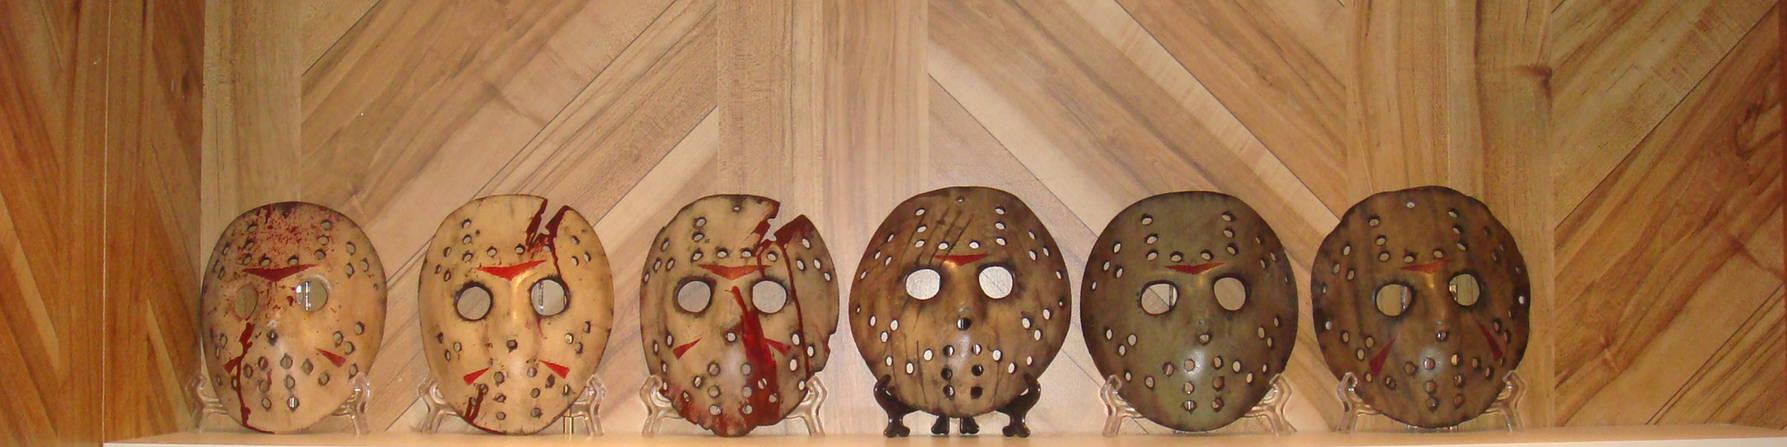 Fiberglass Jason Mask Friday the 13th
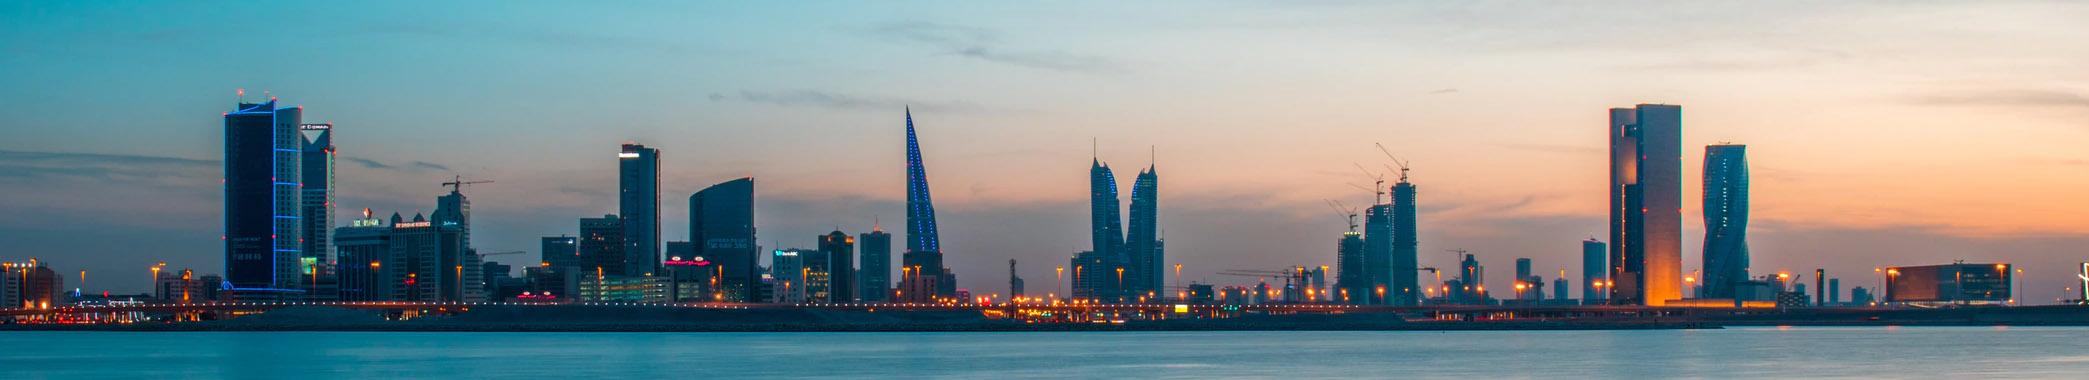 How to get investor visa in bahrain
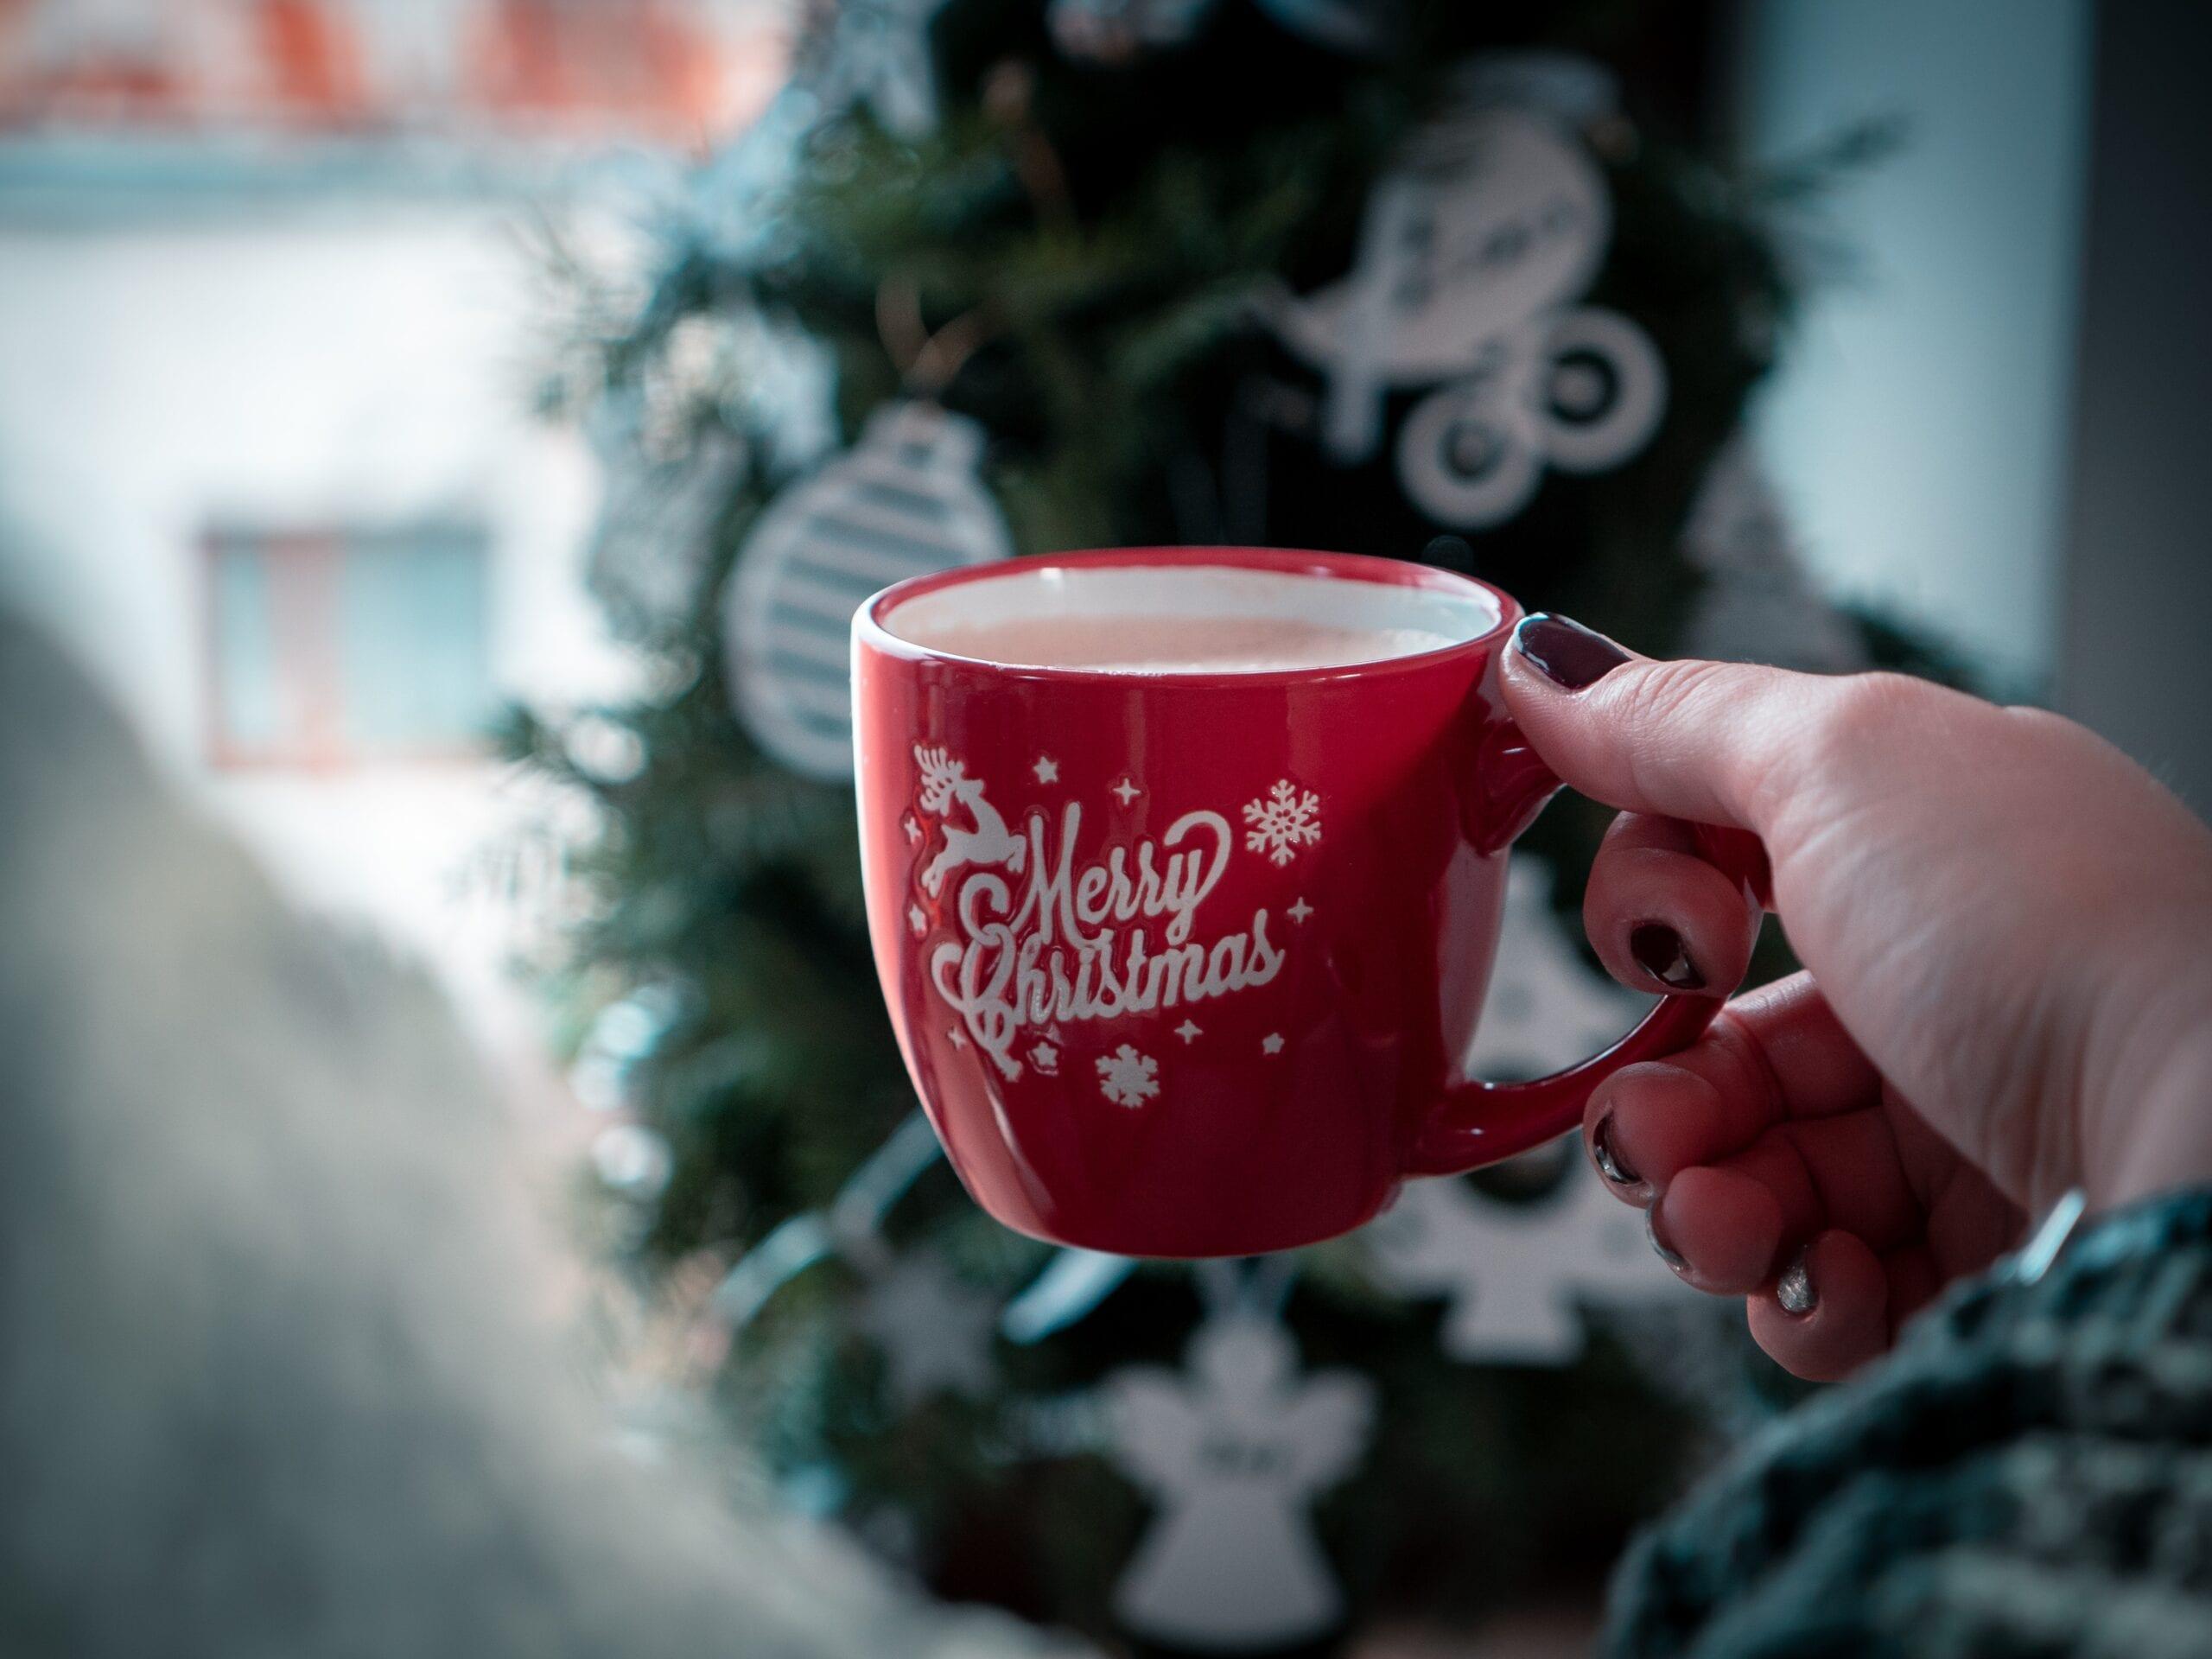 Woman drinking from Merry Christmas mug
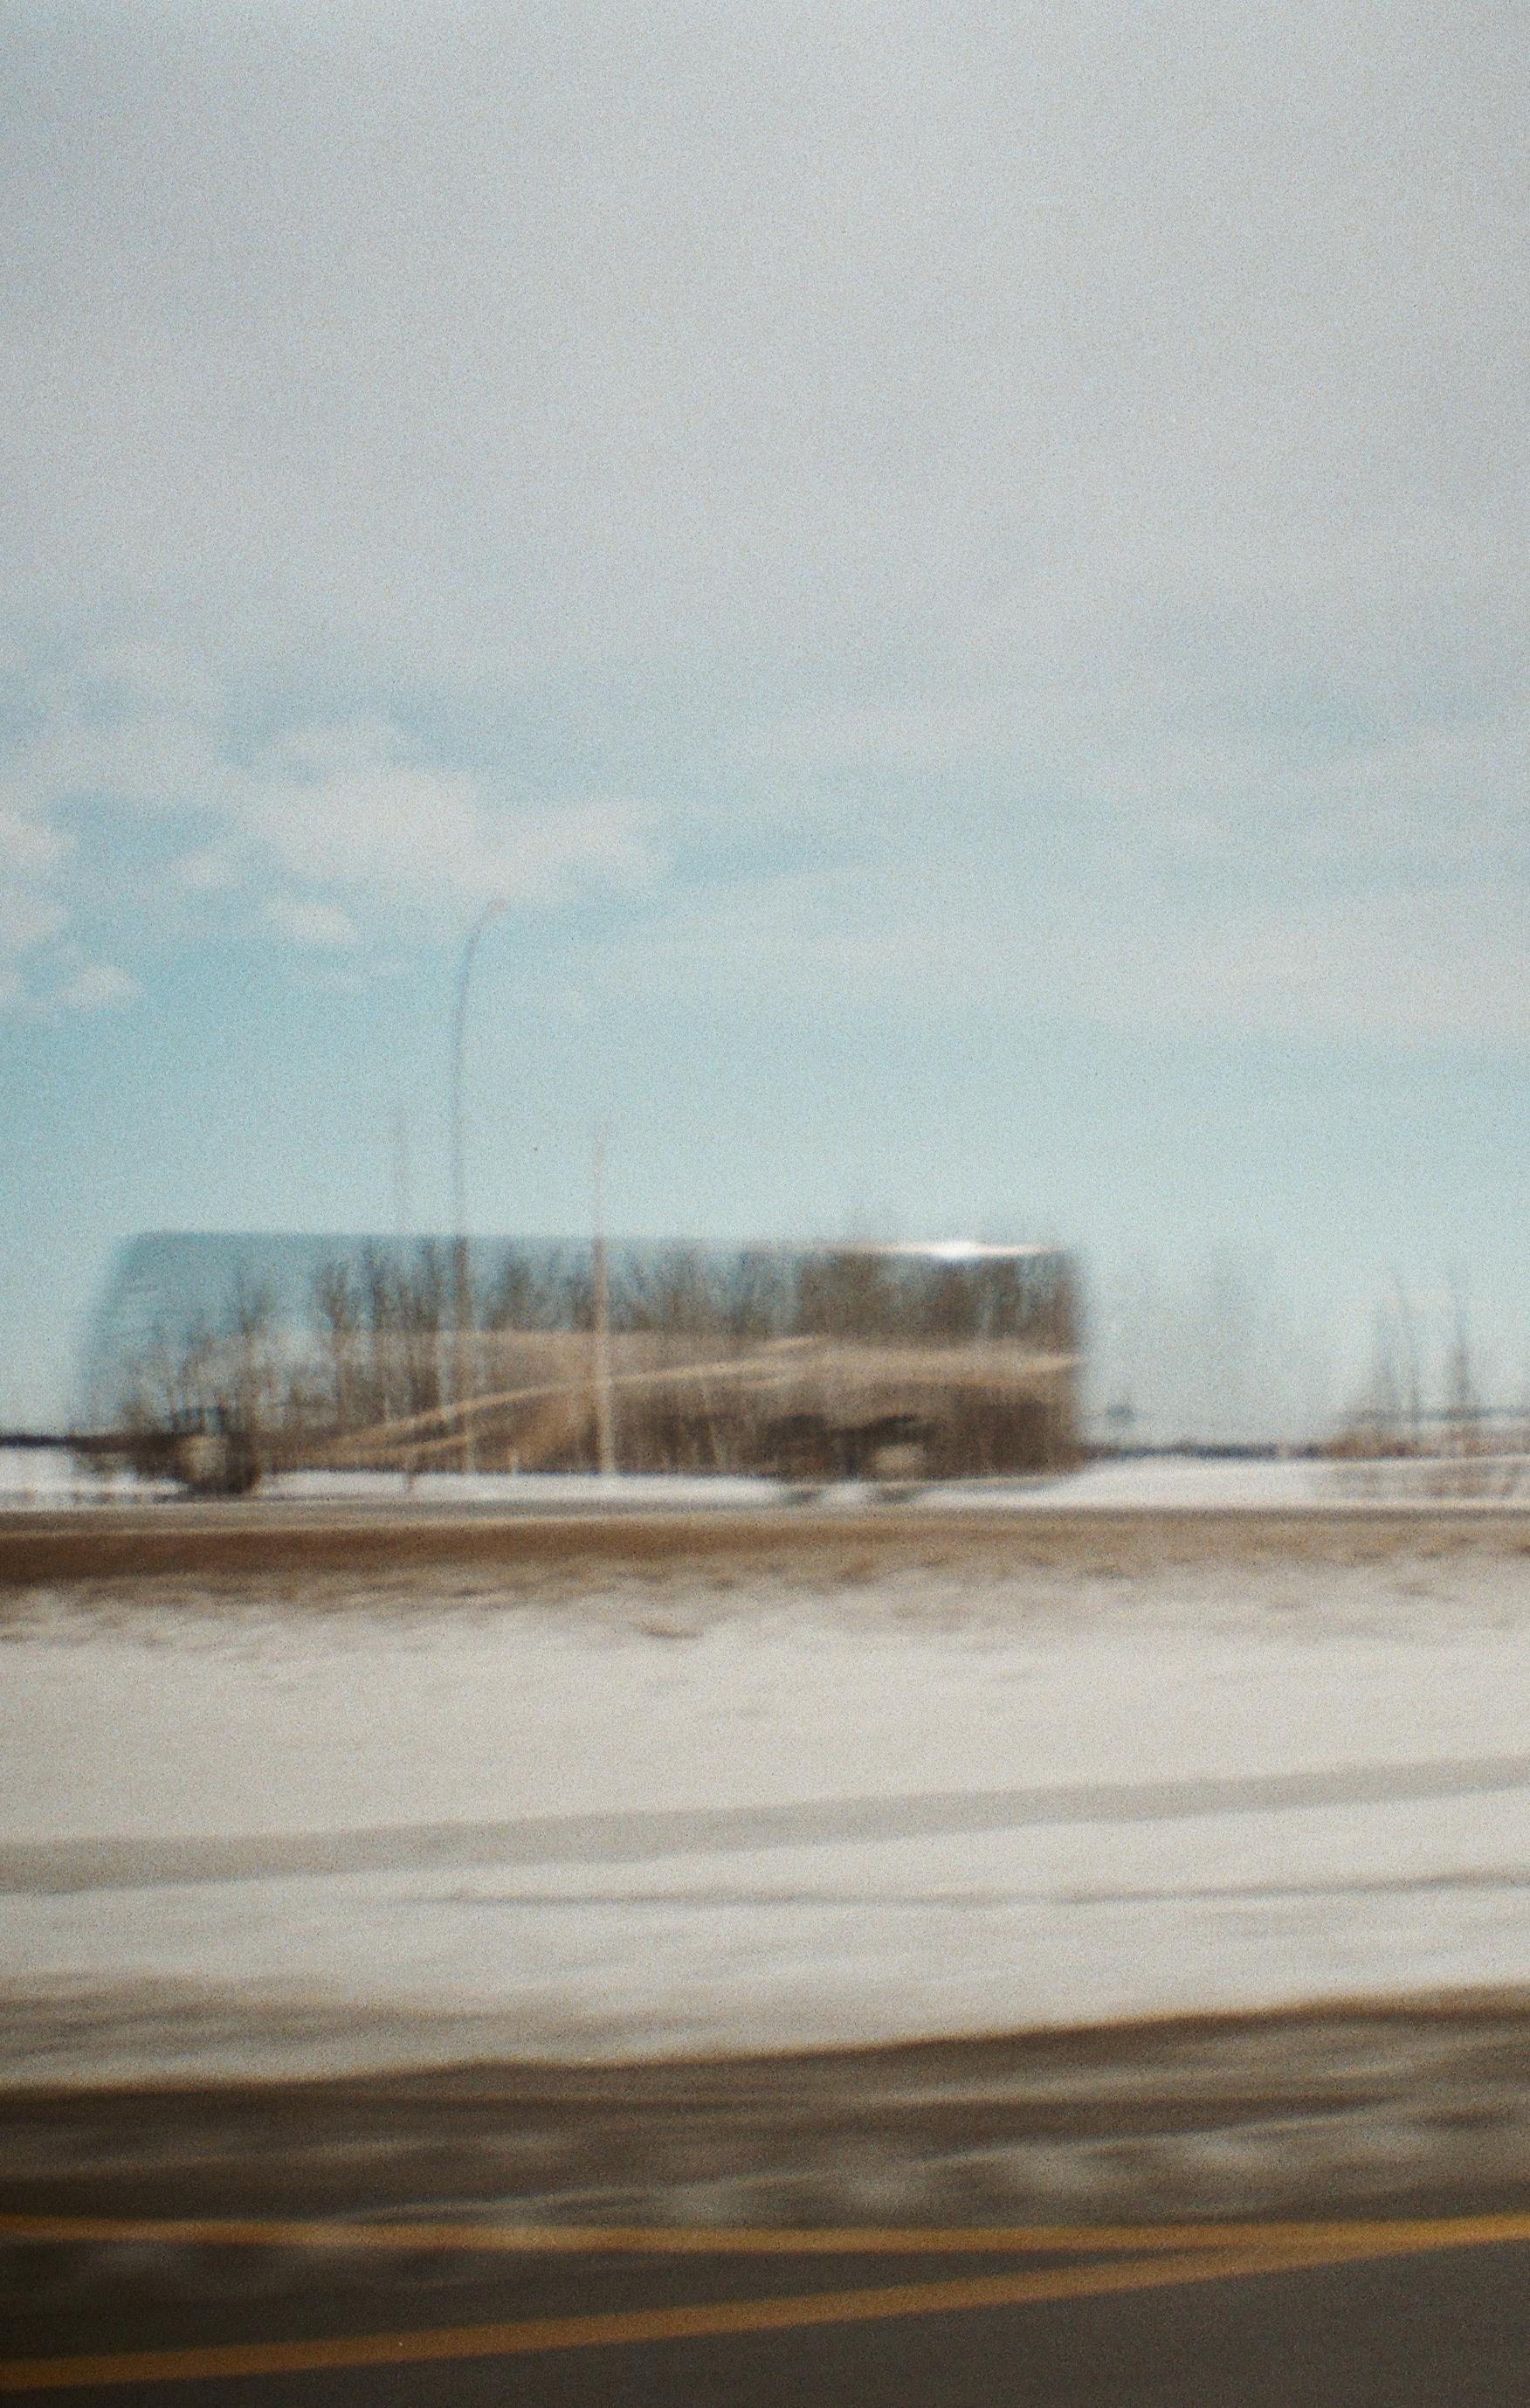 Ghost bus - 35mm - Diana Mini - Fujifilm Superia 400 - double exposure
——
## [TASK TO CARRY OUT]
Exactly as given, transcribe every line of the data, but not its images.

## [ANSWER FOR THE TASK]
 Fiberglass Jason Mask Friday the 13th
 How to get investor visa in bahrain
 Woman drinking from Merry Christmas mug
 Ghost bus - 35mm - Diana Mini - Fujifilm Superia 400 - double exposure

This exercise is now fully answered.